Some of the factors that can impact appreciation include:
- Local market conditions (such as housing supply, the number of prospective buyers in a given area, etc.)
- School district
- Value of the land the home sits on
- Market value of nearby homes
- Age and condition of the home, including any upgrades or additions made
- Larger economic trends
It’s possible to increase your home’s value by making renovations or completing other home improvement projects. Conversely, you can also drag your home’s value down by failing to keep up with maintenance or not making necessary updates, such as replacing your old roof or HVAC system.
Much of the rest of it is out of your hands. Things like neighborhood trends, nearby school systems, local housing supply and the strength of the national economy will affect the value of your home.
What does this look like in practice? Let’s take a look at what the average rate of appreciation has looked like through the years, according to the FHFA.
Rate Of Appreciation
1 year (including the previous 4 quarters)
Previous 5 years
Since Q1 1991
That’s a lot of growth, but remember that these are just averages, not the full picture. Say, for example, you were looking to sell your house at the end of 2008, right in the middle of the Great Recession.

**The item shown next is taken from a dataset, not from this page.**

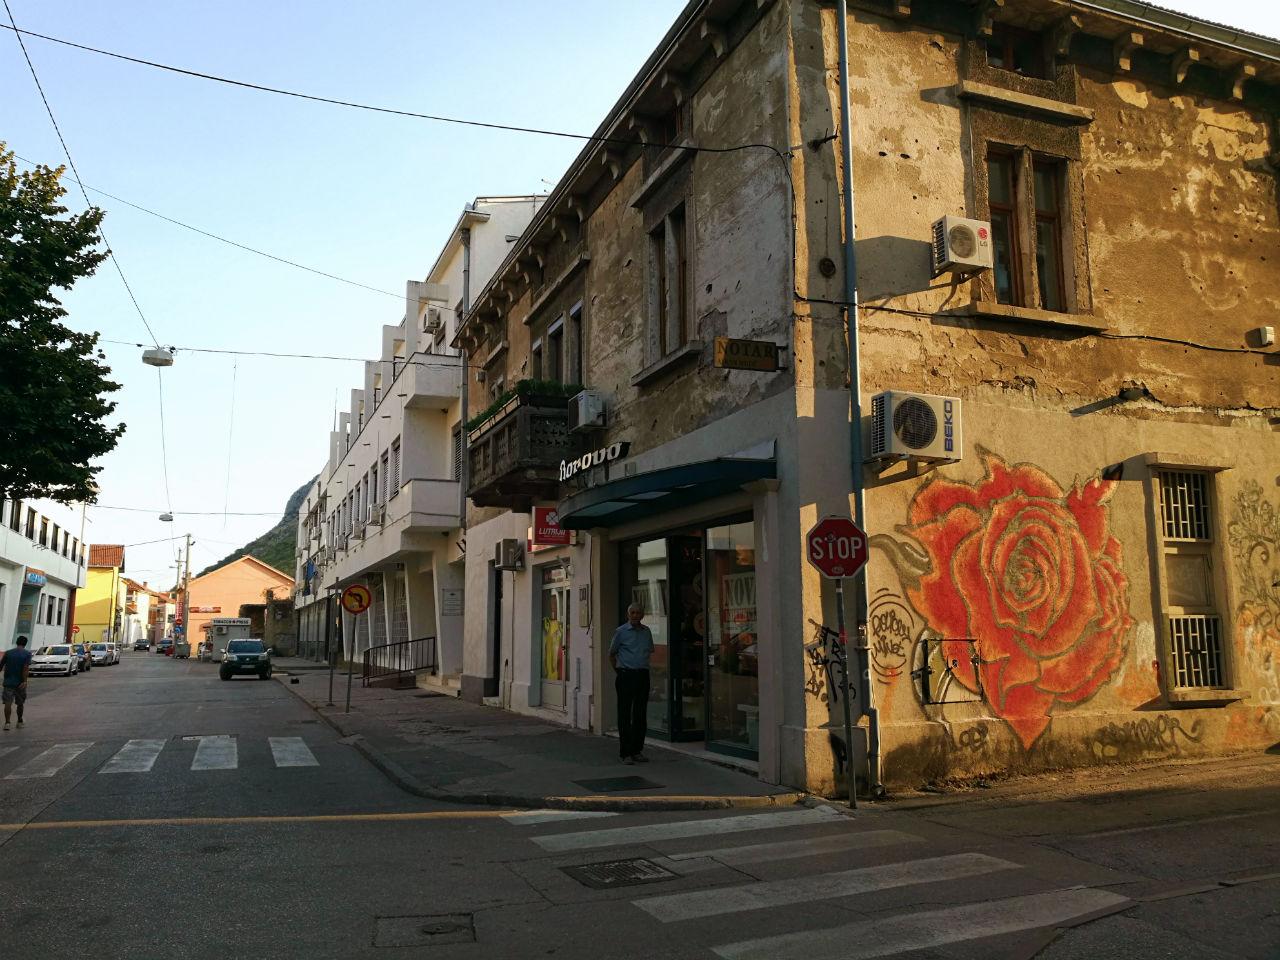 Mostar Little Mostar_Städtereise_Kurztrip_Geschichte

Though we’d experienced pretty steady home value growth in the years leading up to the recession, that year saw home prices depreciate by 10.54%.
Basically, your home’s value is dependent on what prospective buyers are willing to pay for it. This number will fluctuate depending on buyers’ need for housing, their interest in your particular house (or city, neighborhood or school district) and their ability to afford homes like yours.
What Brings Down Property Value?
Many of the same factors that can increase your home’s value can also cause it to decrease. Poor market conditions, a bad location, unsightly upgrades and not staying on top of regular maintenance can all hurt your property’s value.
Your neighbors can also have a big impact on your home’s value. From noisy pets to cluttered yards to foreclosures, issues with one home can often impact all the homes in a neighborhood.
How To Find A Home That Will Appreciate
When searching for a home, the most important thing is that you find a house that suits your needs. However, it’s not uncommon for buyers to also consider a home’s potential resale value as they house hunt.
After all, a home is a big investment, and if you don’t plan on staying in the same place for the rest of your life, you want to be confident that you’ll be able to successfully sell the home when you’re ready to.
Here are some features that home buyers commonly look for, which can translate to value appreciation for you.
There are many ways in which a home’s location can impact its value. Being located on a main road with lots of traffic is typically bad for home values, while being located within a subdivision with little traffic has a positive effect on values.
Additionally, the school district your home is located in can have a huge impact on your home’s value. Homes in good school districts come at a premium, even for those who don’t have children.
Being located near undesirable features, such as a landfill or noisy train tracks, can also drag values down.
If you let your home slowly fall into disrepair, you’ll likely have a hard time holding onto value.
Maintaining your home and making necessary repairs and updates is not only vital to keeping a happy and healthy home for yourself; it can also help to ensure that your home grows in value over time.
Renovations can be a great way to make your home more valuable to buyers. However, it’s important to think about which renovations are highly sought-after in your real estate market, as some will be more valuable than others.
Big projects such as kitchen remodels or deck additions are popular upgrades, but less obvious renovations, such as installing energy efficient windows or a brand new HVAC system, can boost value as well.
The first view potential buyers will have of your home is what they can see when they pull up to the curb, so it’s important to make that first impression count.
Homes with strong curb appeal attract buyers and boost value. Fortunately, this is an aspect that can often be easily improved upon – think landscaping, a fresh coat of paint, exterior lighting and the like.